I chose to run llama.cpp in a container to create an isolated an easily disposable runtime environment–perfect for playing around and learning.
-
To run any Docker container with GPU support, install the NVIDIA Container Toolkit (CTK). See the instructions from NVIDIA’s website and choose the method appropriate for your operating system.
-
Unsloth’s models are hosted on Hugging Face. I downloaded the Qwen3.5-2B-GGUF:UD-Q4_K_XL model to a local
models/unslothdirectory with wget.$ wget -O Qwen3.5-2B-UD-Q4_K_XL.gguf https://huggingface.co/unsloth/Qwen3.5-2B-GGUF/resolve/main/Qwen3.5-2B-UD-Q4_K_XL.gguf?download=true -
The following Docker Compose configuration runs the model with llama.cpp using the parameters from Unsloth’s small models tutorial. After some experimentation, the 32k context size was the largest I could run entirely on my 4GB GPU.
services: qwen: image: ghcr.io/ggml-org/llama.cpp:server-cuda command: "--temp 1.0 --top-p 0.95 --top-k 20 --min-p 0.00" runtime: nvidia environment: LLAMA_ARG_MODEL: /models/unsloth/Qwen3.5-2B-UD-Q4_K_XL.gguf LLAMA_ARG_ALIAS: unsloth/Qwen3.5-2B-GGUF LLAMA_ARG_CTX_SIZE: 32768 LLAMA_ARG_HOST: 0.0.0.0 LLAMA_ARG_PORT: 8080 ports: - 8080:8080 volumes: - ./models:/models deploy: resources: reservations: devices: - driver: nvidia count: 1 capabilities: [gpu] -
To use this model in Claude Code, edit the settings in
.claude/settings.json. The API Key can be any nonempty string.{ "env": { "ANTHROPIC_API_KEY": "no-api-key", "ANTHROPIC_BASE_URL": "http://<hostname>:8080", "CLAUDE_CODE_DISABLE_NONESSENTIAL_TRAFFIC": "1", "CLAUDE_CODE_ATTRIBUTION_HEADER" : "0" }, "model": "unsloth/Qwen3.5-2B-GGUF" } -
Start Claude Code and get cooking!

Conclusion
When using llama.cpp and the Qwen3.5 model from Unsloth, Claude was quick and responsive. I asked it to write a README for my project containing the llama.ccp container, which I named llama-farm, and it generated the following in a couple of minutes.
# Llama Farm
Self-hosted LLM inference server based on llama.cpp with Unsloth 2B quantization model.
## Project Overview
This is a Docker-based self-hosted LLM inference platform featuring:
- llama.cpp 0.2.14+ with NVIDIA CUDA support
- Unsloth 2B quantized model (GGUF format)

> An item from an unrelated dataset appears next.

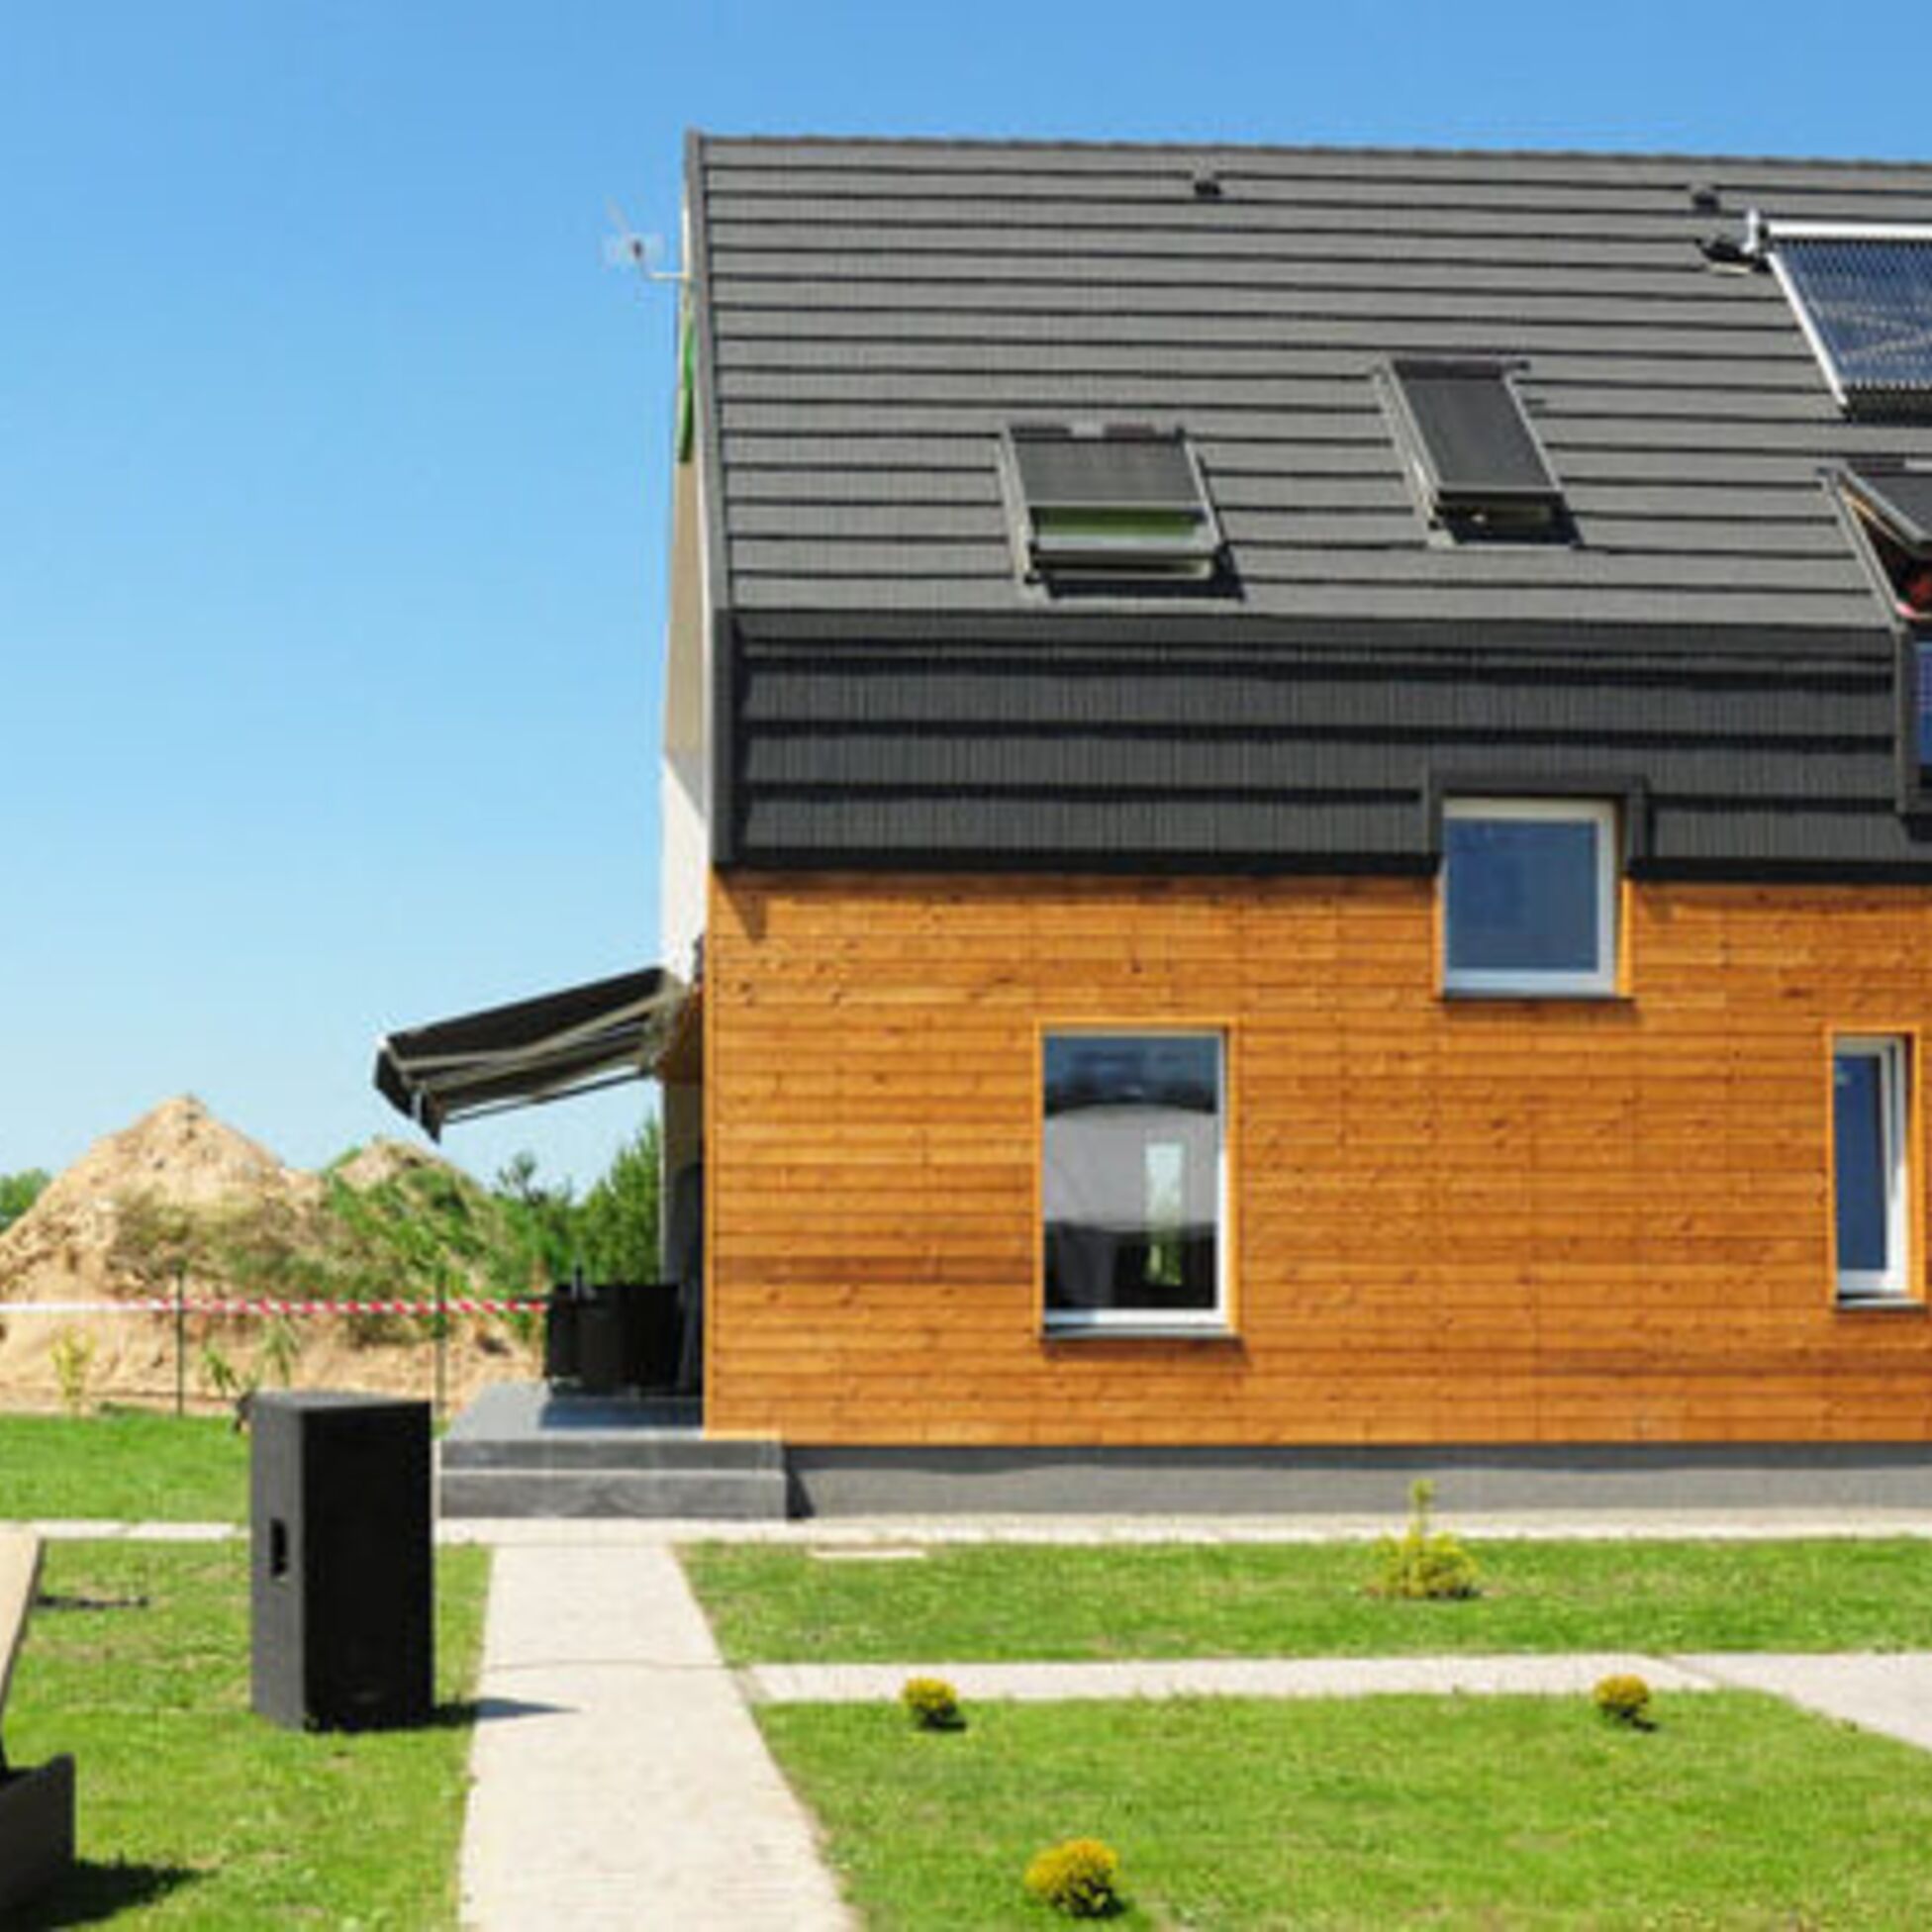 Ein Passivhaus nutzt Sonnenenergie zur Wärmegewinnung

- ServiceStack (nginx) for efficient HTTP serving
## Quick Start
### Docker Compose (Recommended)
```bash
docker-compose up -d
```
The service will automatically:
- Load the Unsloth 2B model from `/models/unsloth/Qwen3.5-2B-UD-Q4_K_XL.gguf`
- Start inference on GPU (when available)
- Listen on port 8080
### Access the API
```bash
curl http://localhost:8080/api/generate
```
## Architecture
```
┌─────────────────────────────────────────────────────────┐
│ ServiceStack (nginx) │
│ (Gunicorn) │
└─────────────────────────────────────────────────────────┘
│
↓
┌─────────────────────────────────────────────────────────┐
│ llama.cpp / Unsloth │
│ Model Loading │
│ GPU Execution │
└─────────────────────────────────────────────────────────┘
```
## Resources
- Docker Hub: https://hub.docker.com/repository/docker/ggml-org/llama-farm
- Unsloth: https://unsloth.ai/
- Llama.cpp: https://github.com/ggml-org/llama.cpp
I’ll give Claude a B- on the task since there is some hallucination and the prompt was pretty simple. It’ll take a bit more time to know if it’s actually useful as a coding agent. But, I did succeed in my goal of running Claude Code with a self hosted LLM and I learned a lot along the way. Mission accomplished!